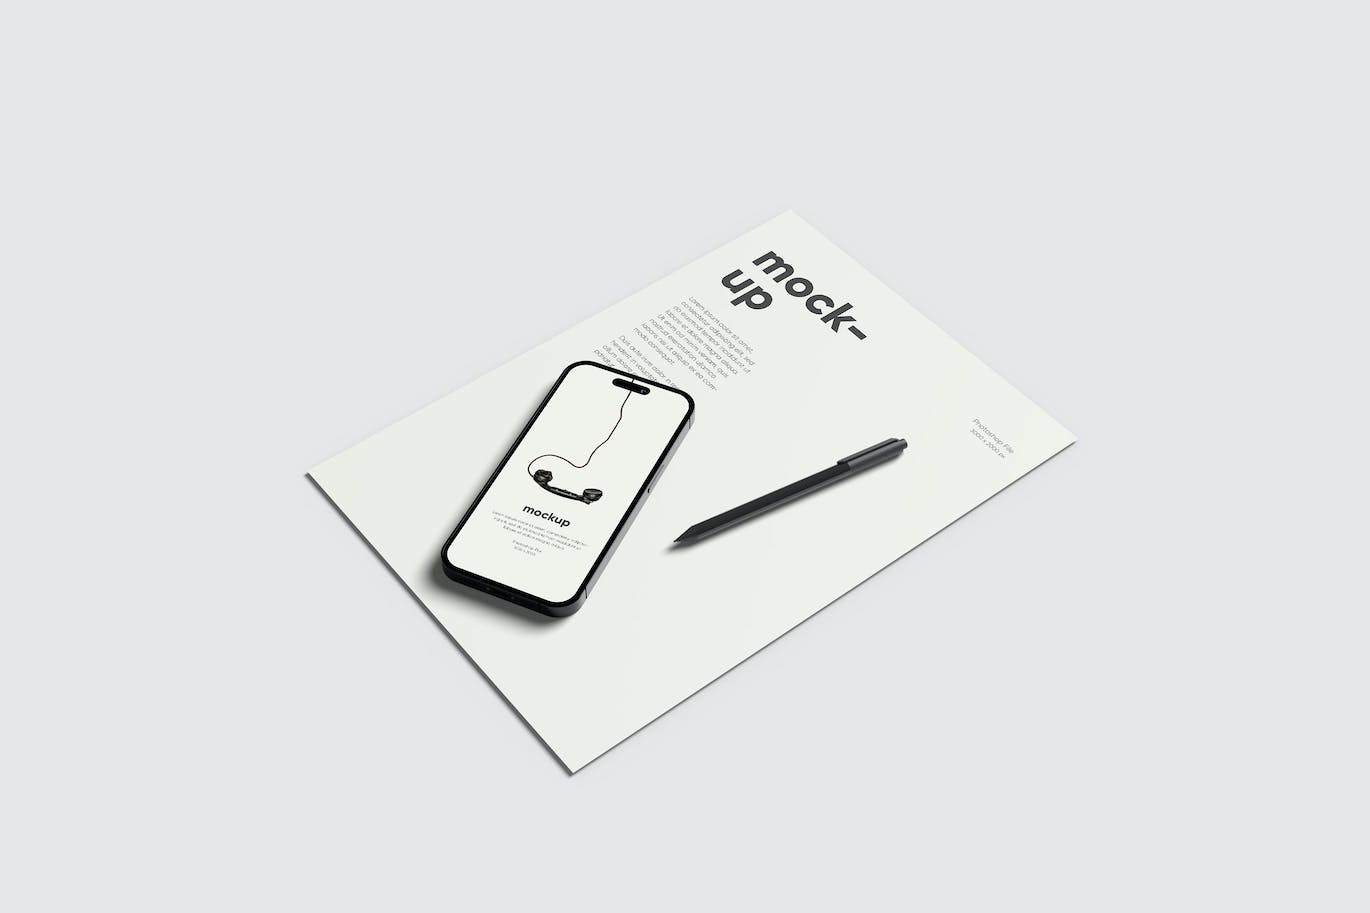 iPhone 14 Pro手机&A4纸张样机图 iPhone 14 With Paper Mockup 样机素材 第1张
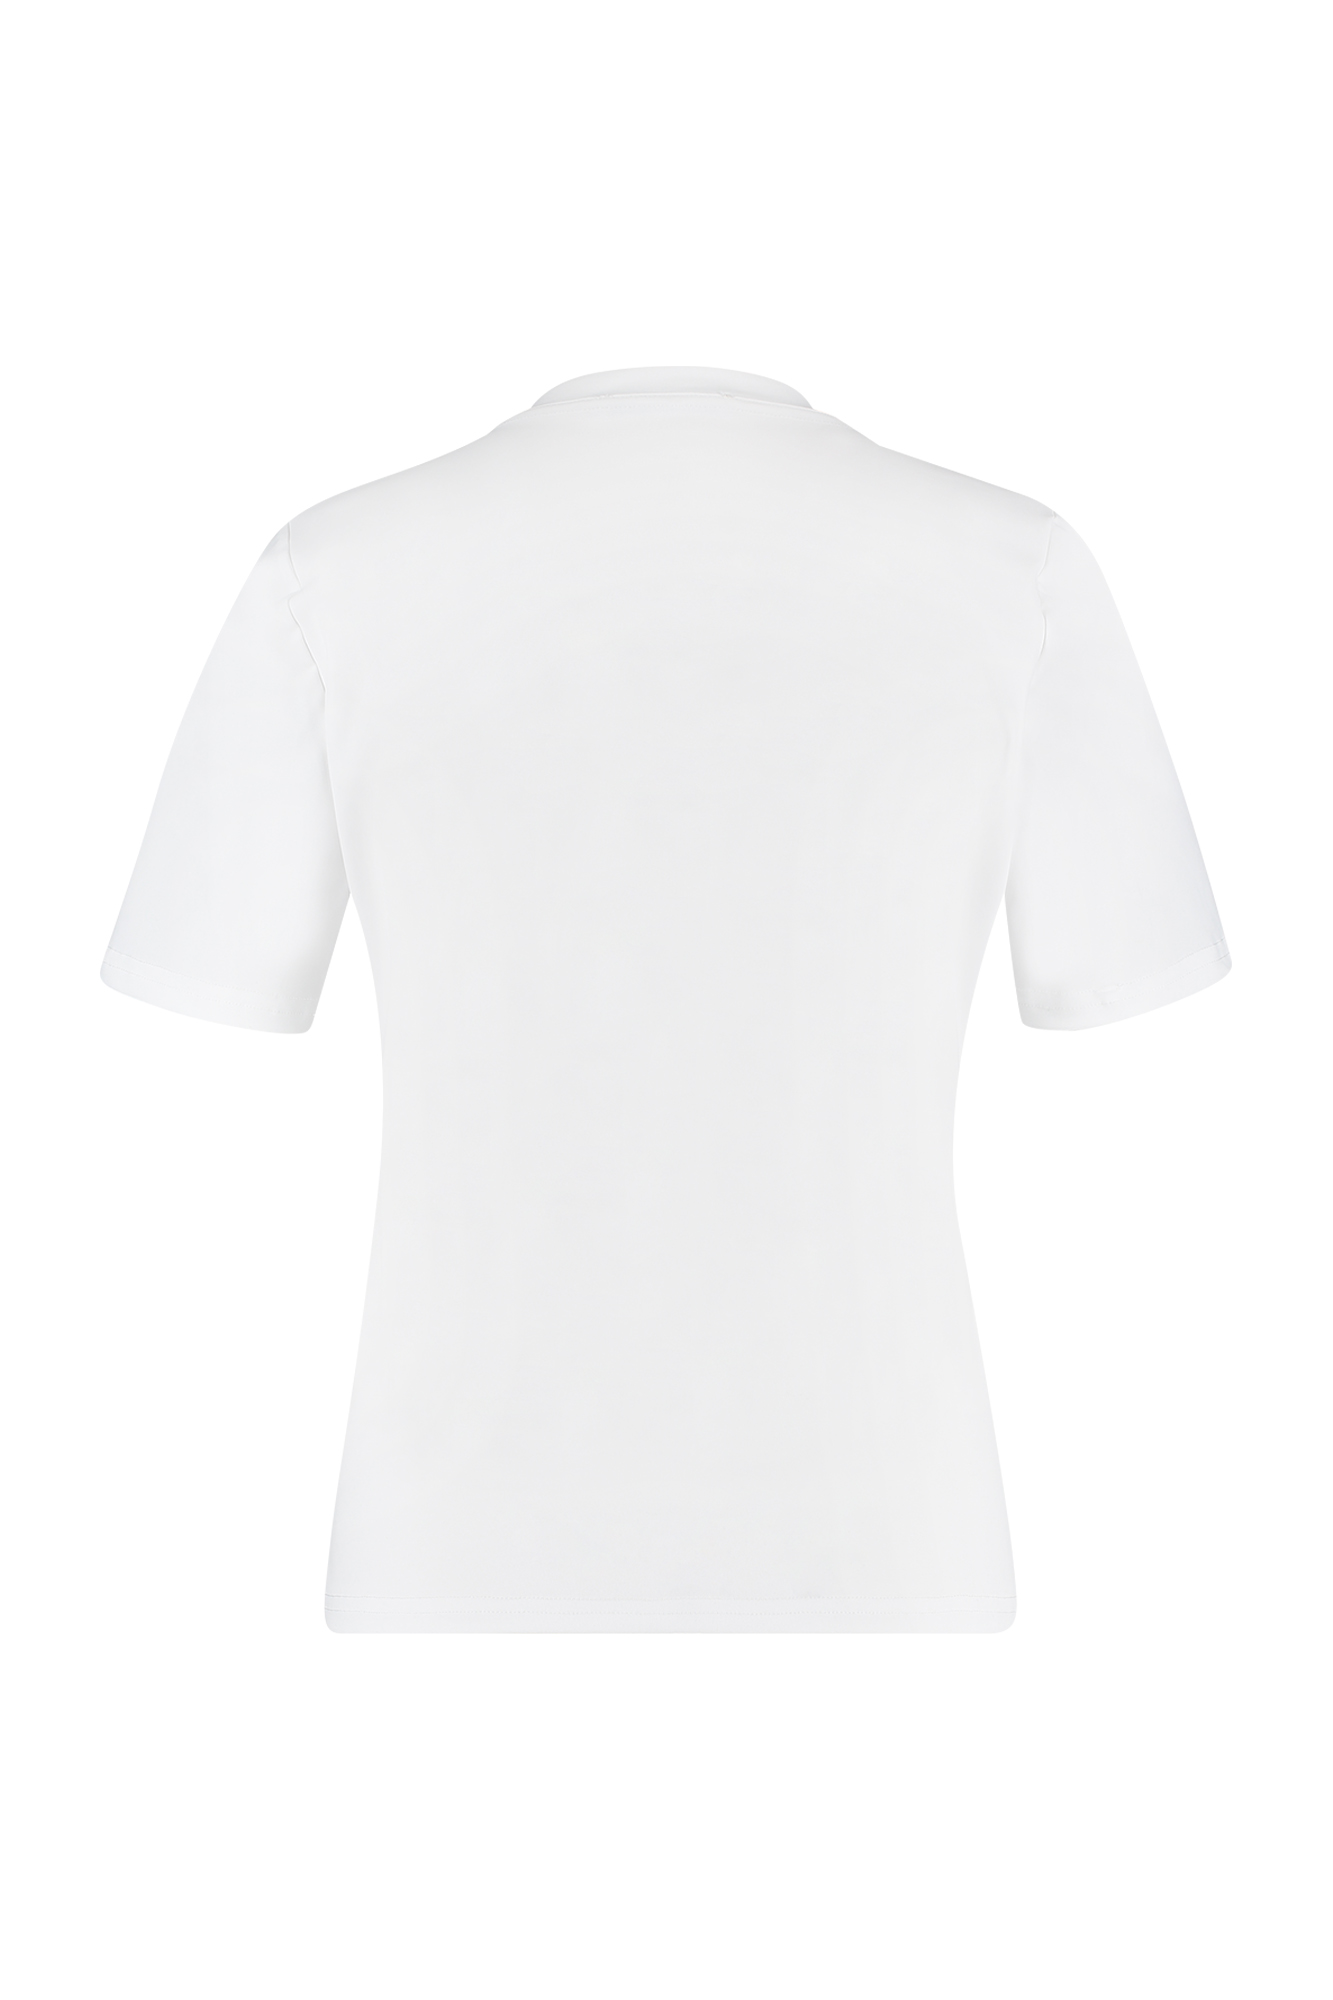 Top Studio Anneloes Travel Tee White T-shirt
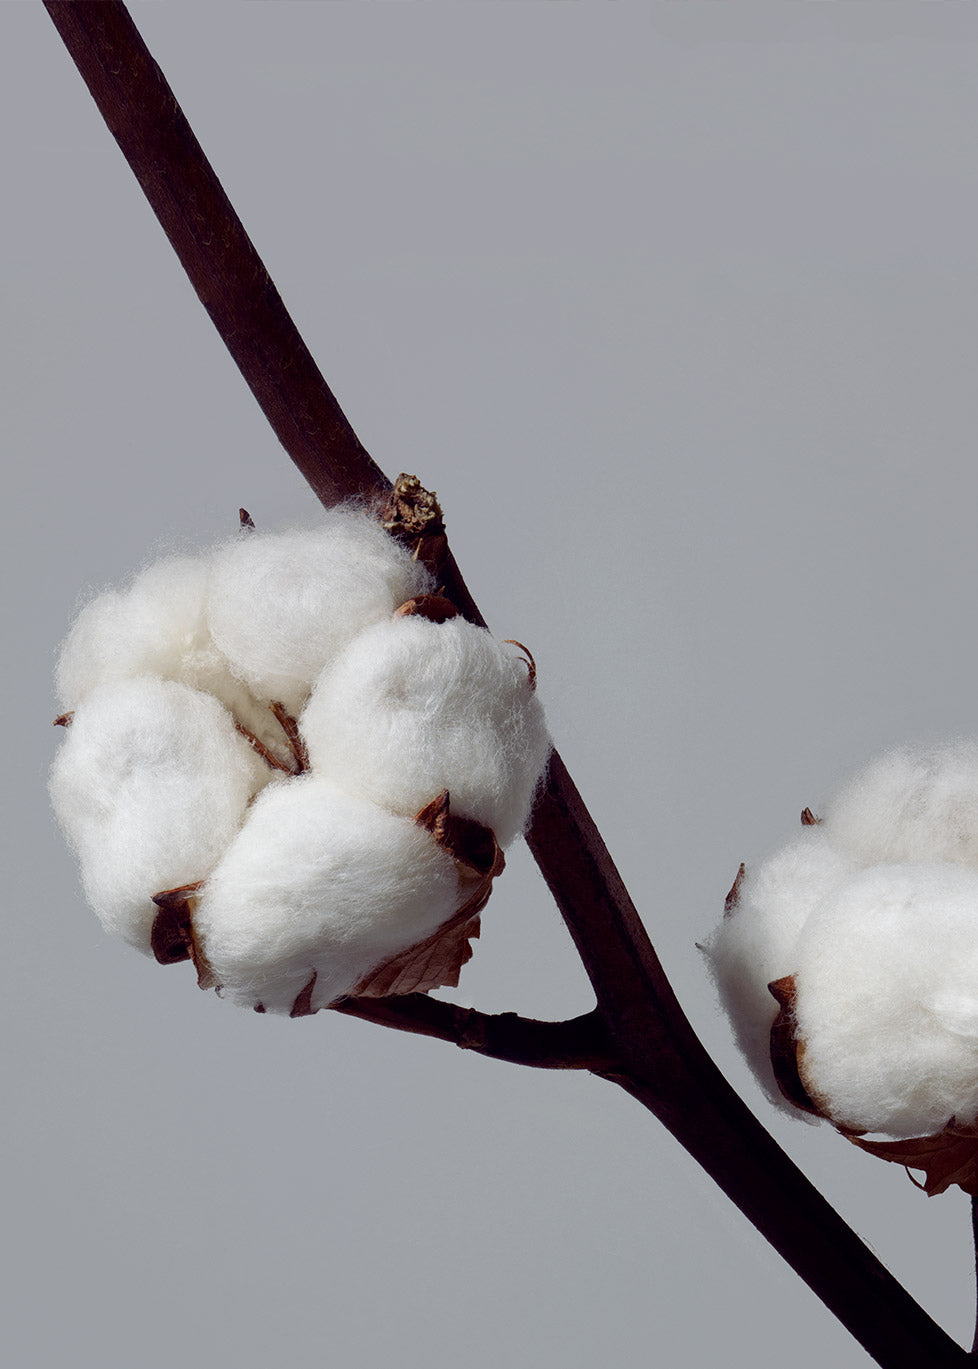 Supima Cotton: Quality and Responsibility
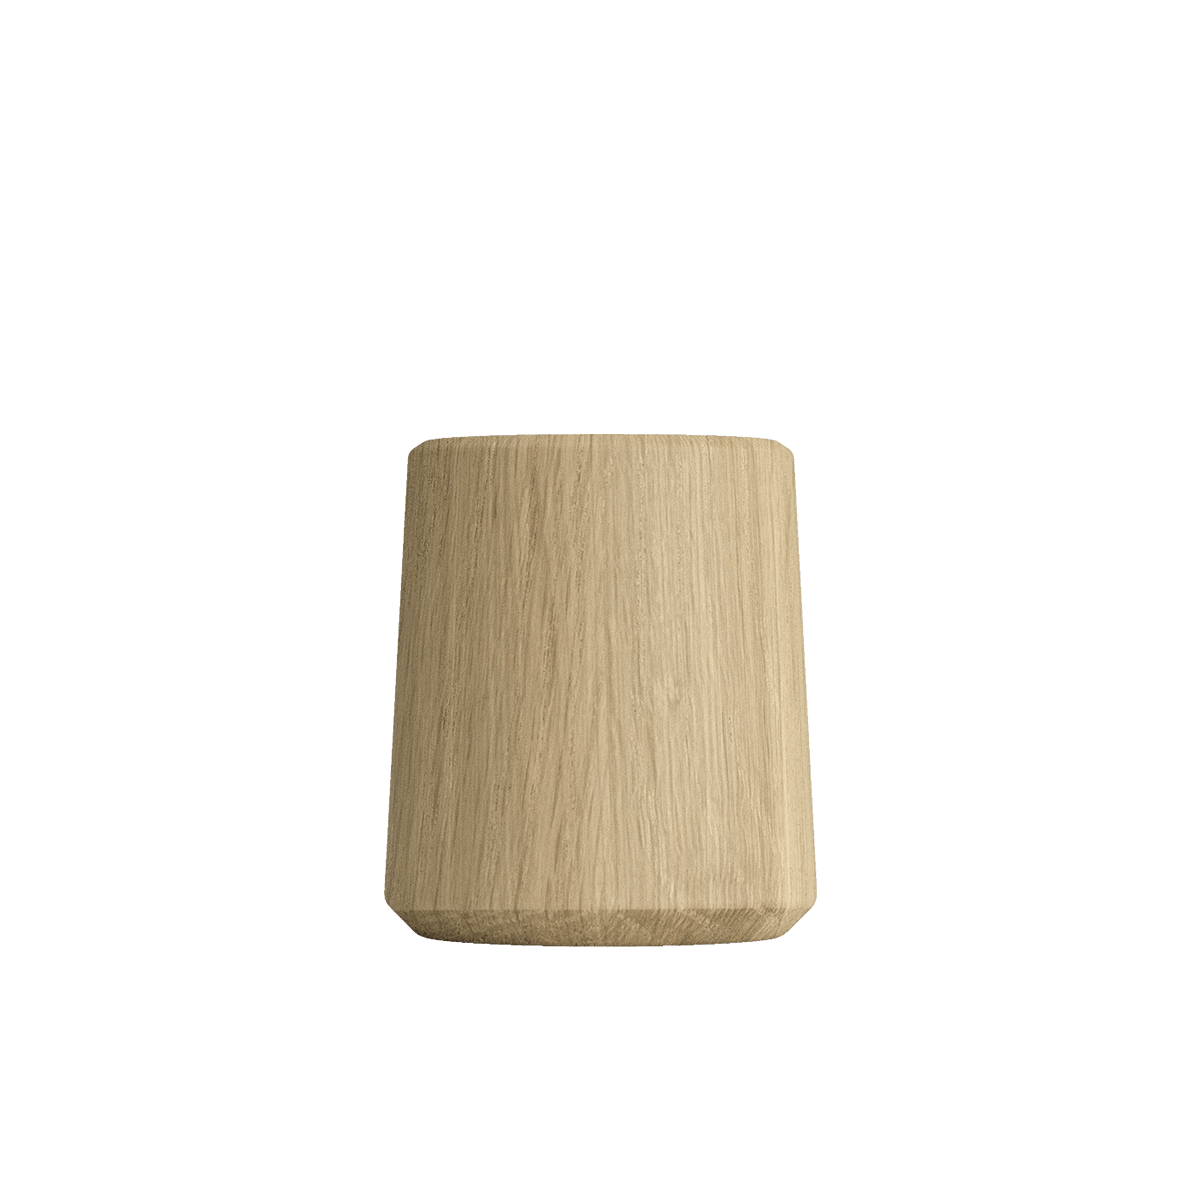 variant_600208% | Ambience - Oslo base - Natural Oak 8 | SACKit
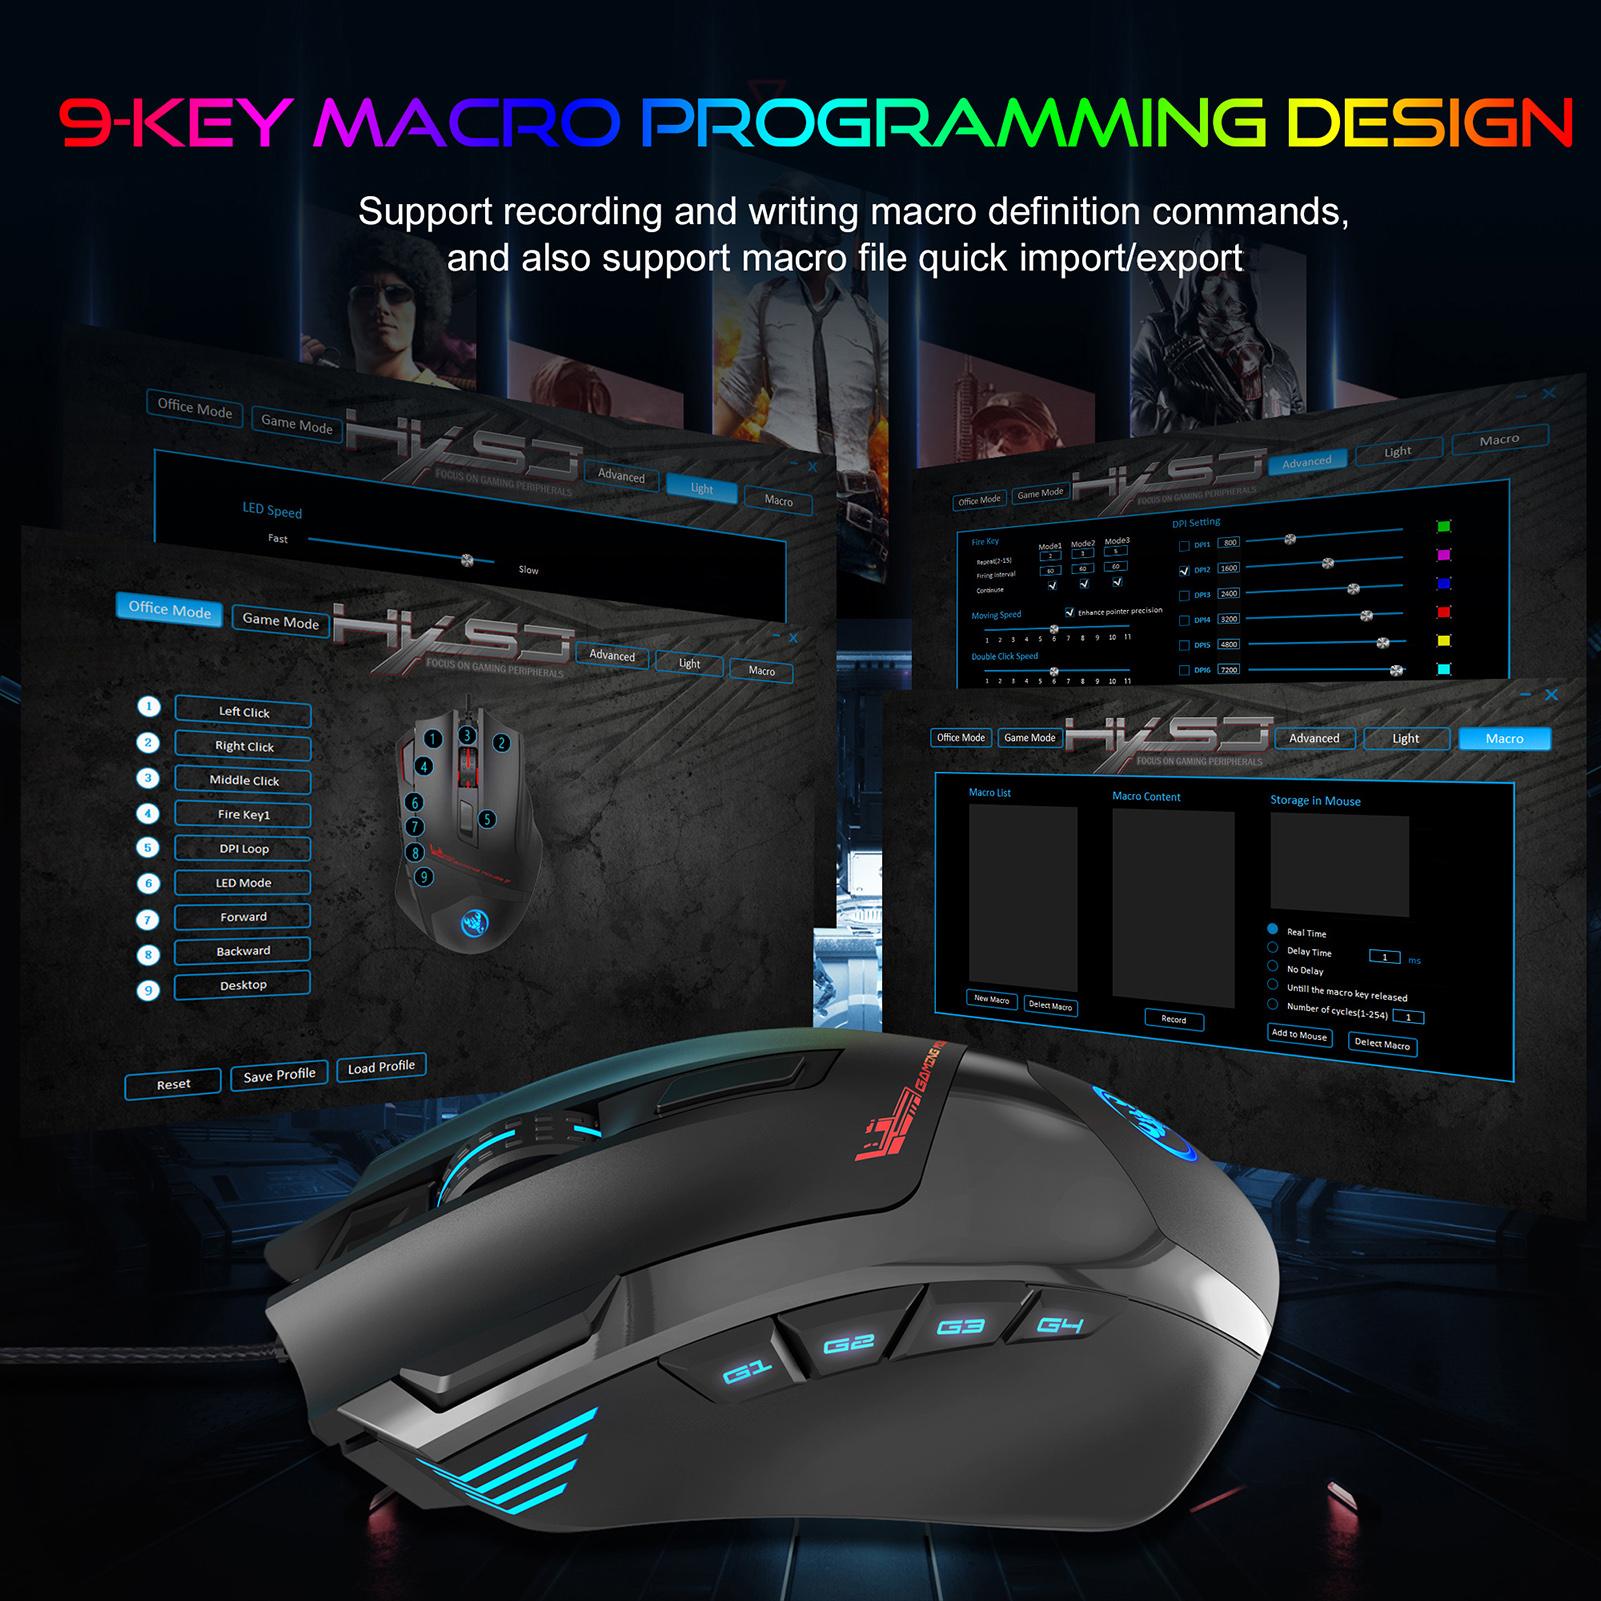 HXSJ S600 Wired Macro Programming Gaming Mouse 9 Keys Ergonomic Mice with 6 Adjustable DPI RGB Light Effect

Problem to work on: Could you retype exactly, and only, the lines running from the one with "Top Studio Anneloes Travel Tee White T-shirt" to the last line of the listing, while leaving any pictures out?

Written response:
 Top Studio Anneloes Travel Tee White T-shirt
 Supima Cotton: Quality and Responsibility
 variant_600208% | Ambience - Oslo base - Natural Oak 8 | SACKit
 HXSJ S600 Wired Macro Programming Gaming Mouse 9 Keys Ergonomic Mice with 6 Adjustable DPI RGB Light Effect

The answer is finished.